### PROVIDED DATA ###
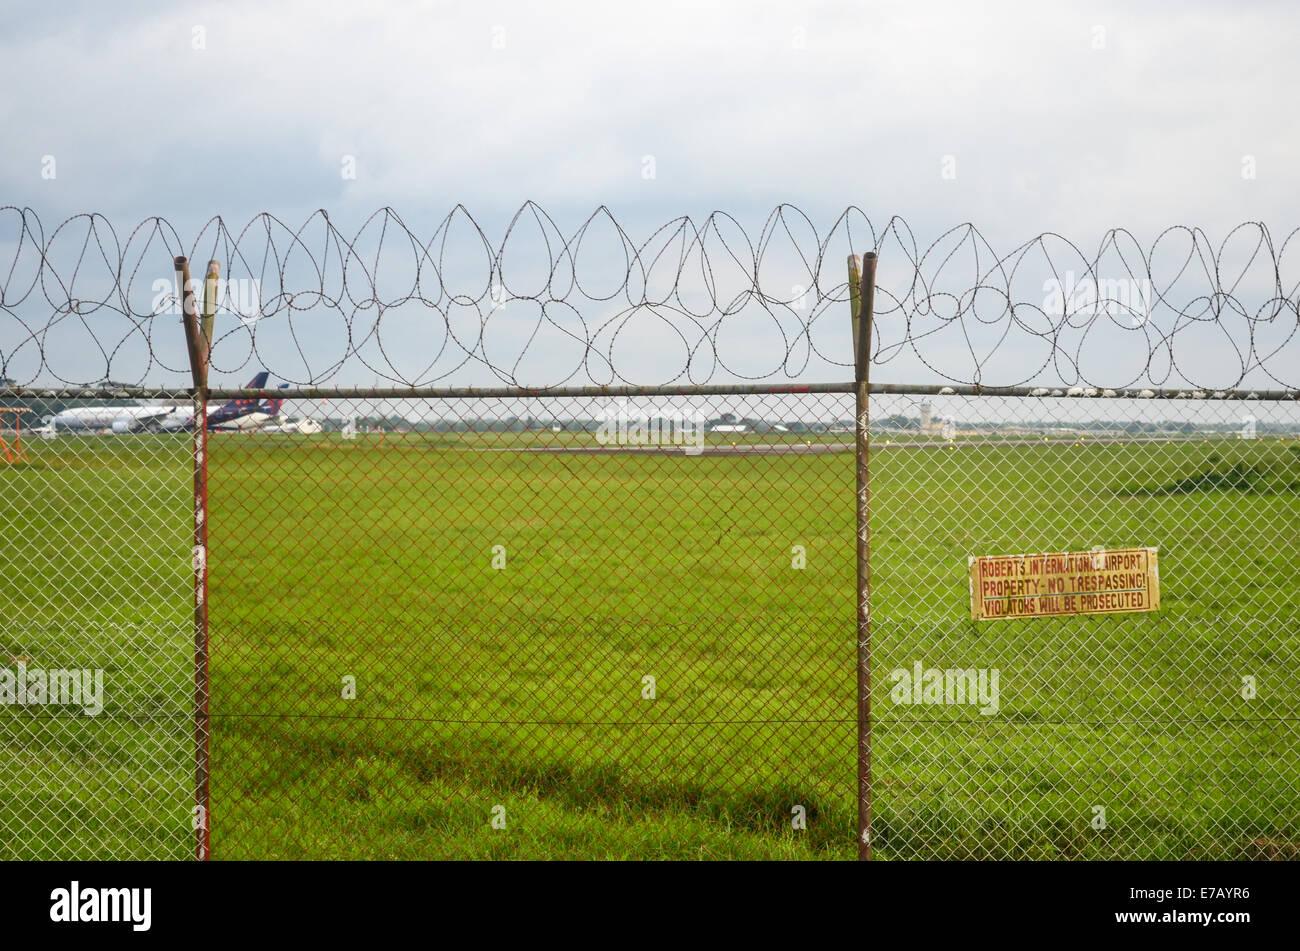 Roberts International Airport, Monrovia, Liberia - Stock Image
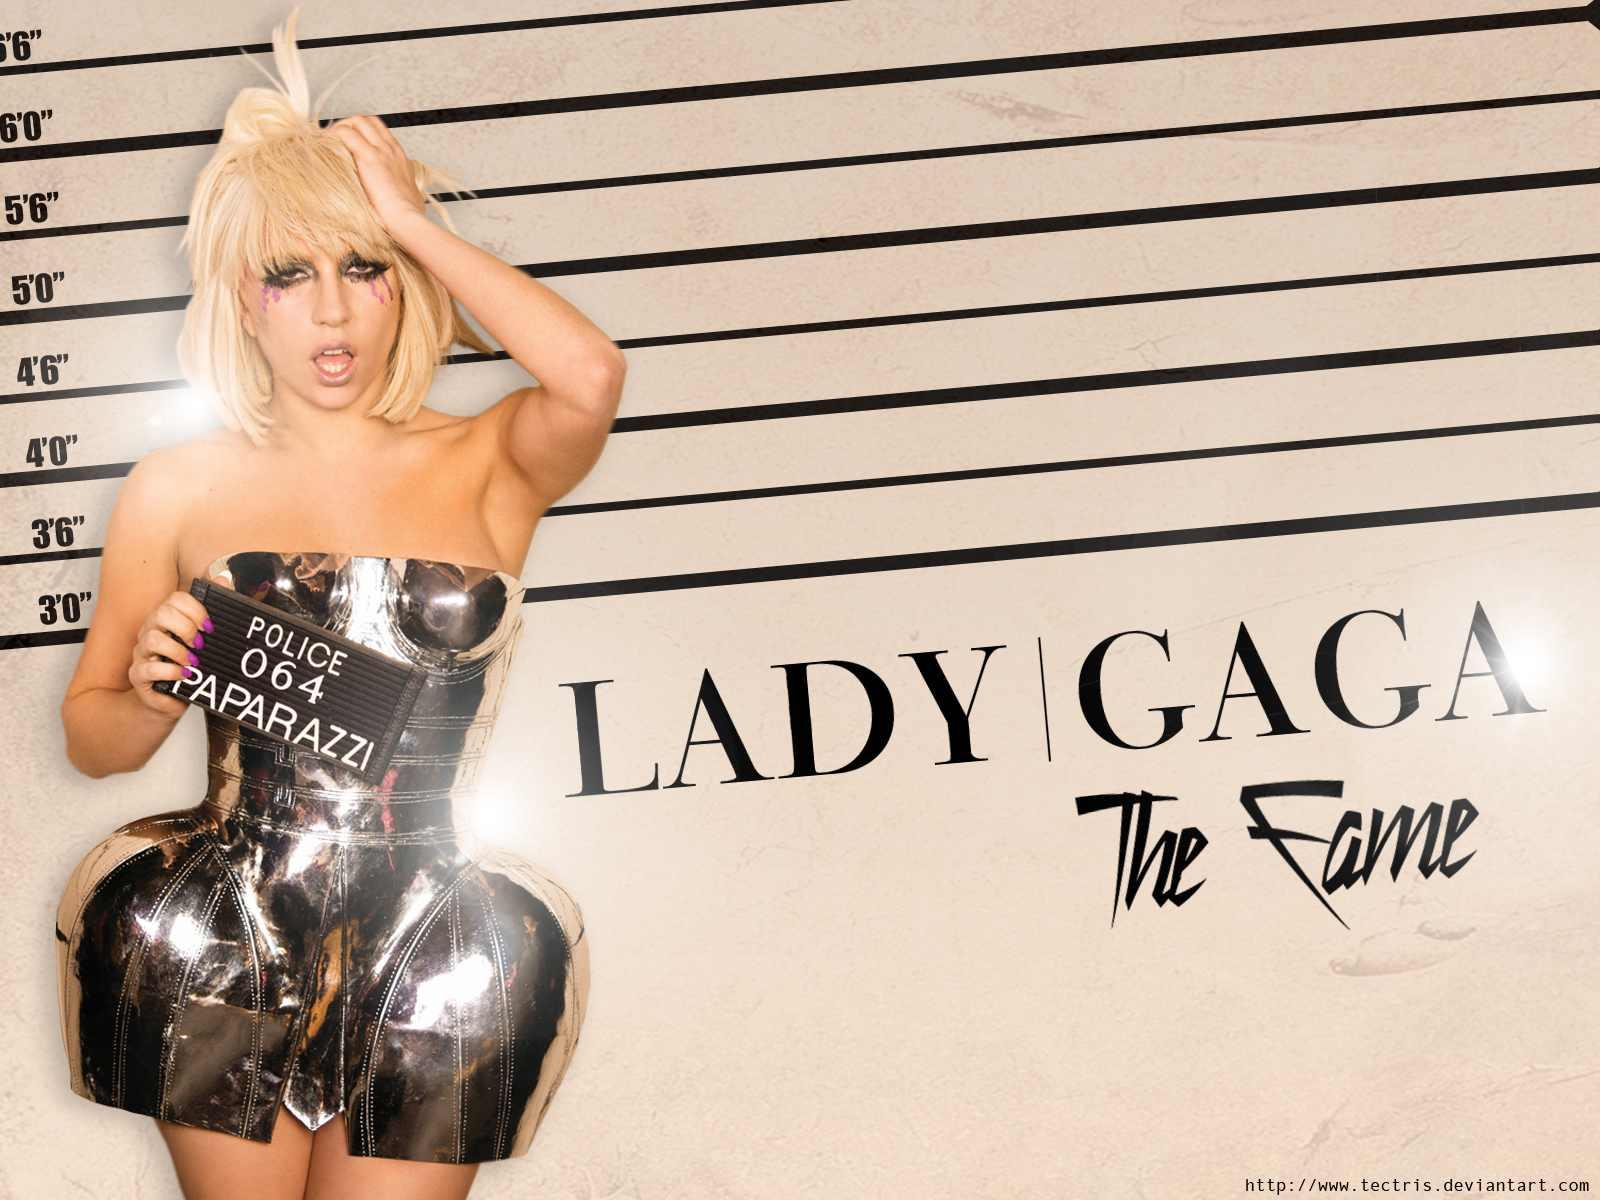 http://1.bp.blogspot.com/-MYhtW2_Pf8I/TeQbsVG9RSI/AAAAAAAAAHE/ussfNVgeXVQ/s1600/Lady_Gaga_Wallpaper_the_fame_mugshots_by_tectris.jpg
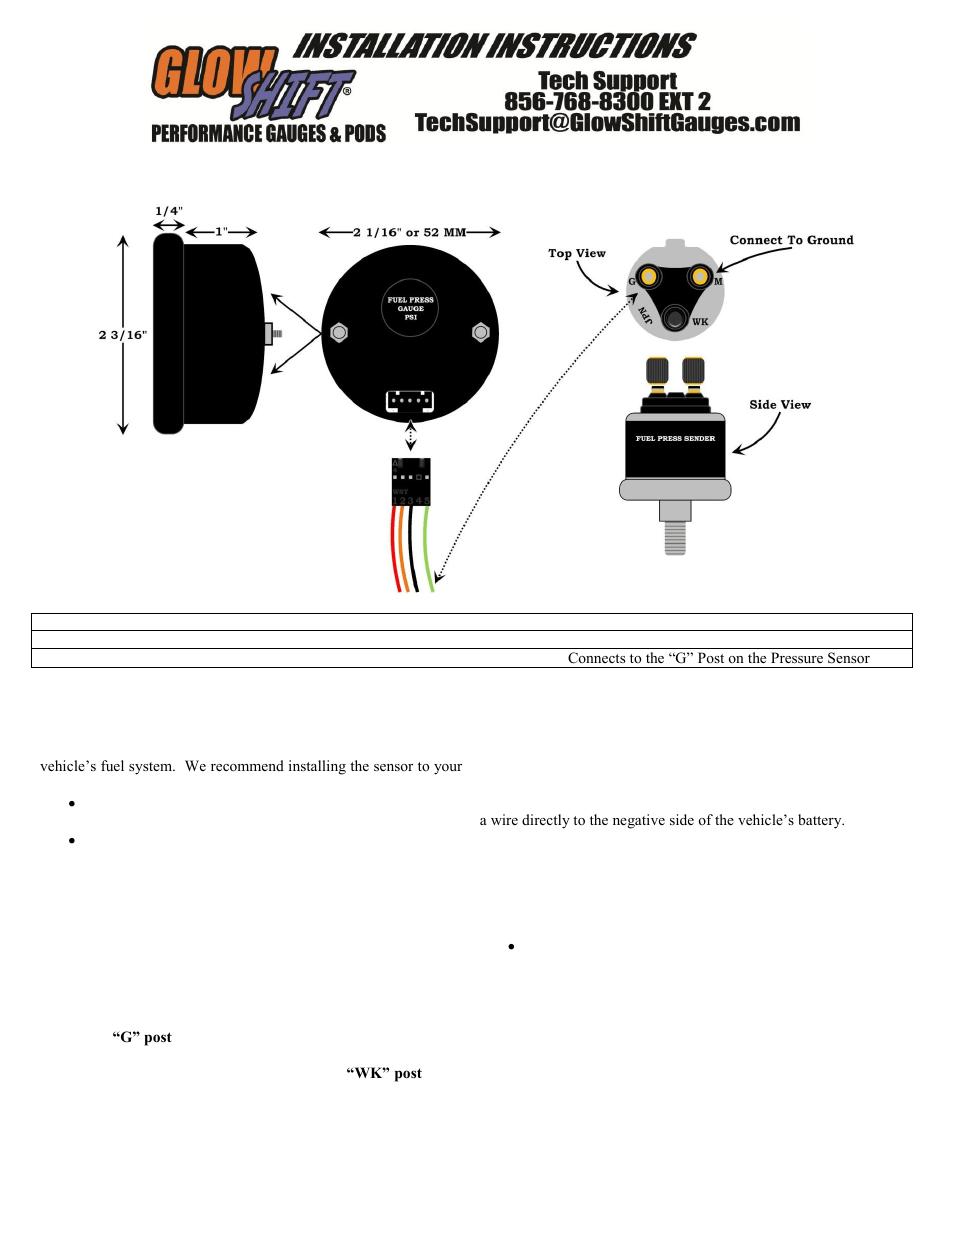 glowshift digital series fuel pressure gauge page1?resize\\\=665%2C861 glow shift boost gauge wiring diagram glow shift oil pressure  at readyjetset.co
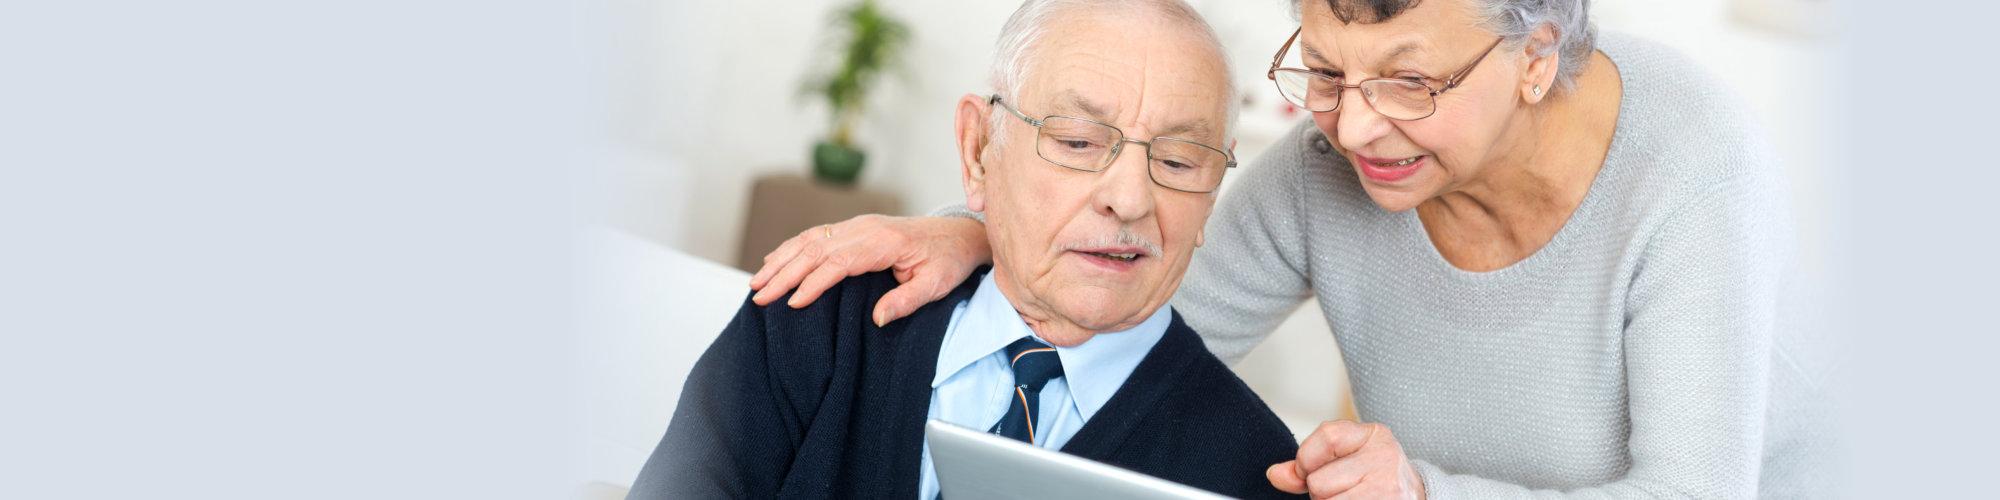 Romantic happy senior man and woman couple
###
- [PROBLEM TO SOLVE]
Exact reproduction is required. Output only the lines from the one with "glowshift digital series" through the end of the listing above, both ends included, and no pictures.

- [FINAL ANSWER]
 glowshift digital series fuel pressure gauge page1?resize\\\=665%2C861 glow shift boost gauge wiring diagram glow shift oil pressure  at readyjetset.co
 Romantic happy senior man and woman couple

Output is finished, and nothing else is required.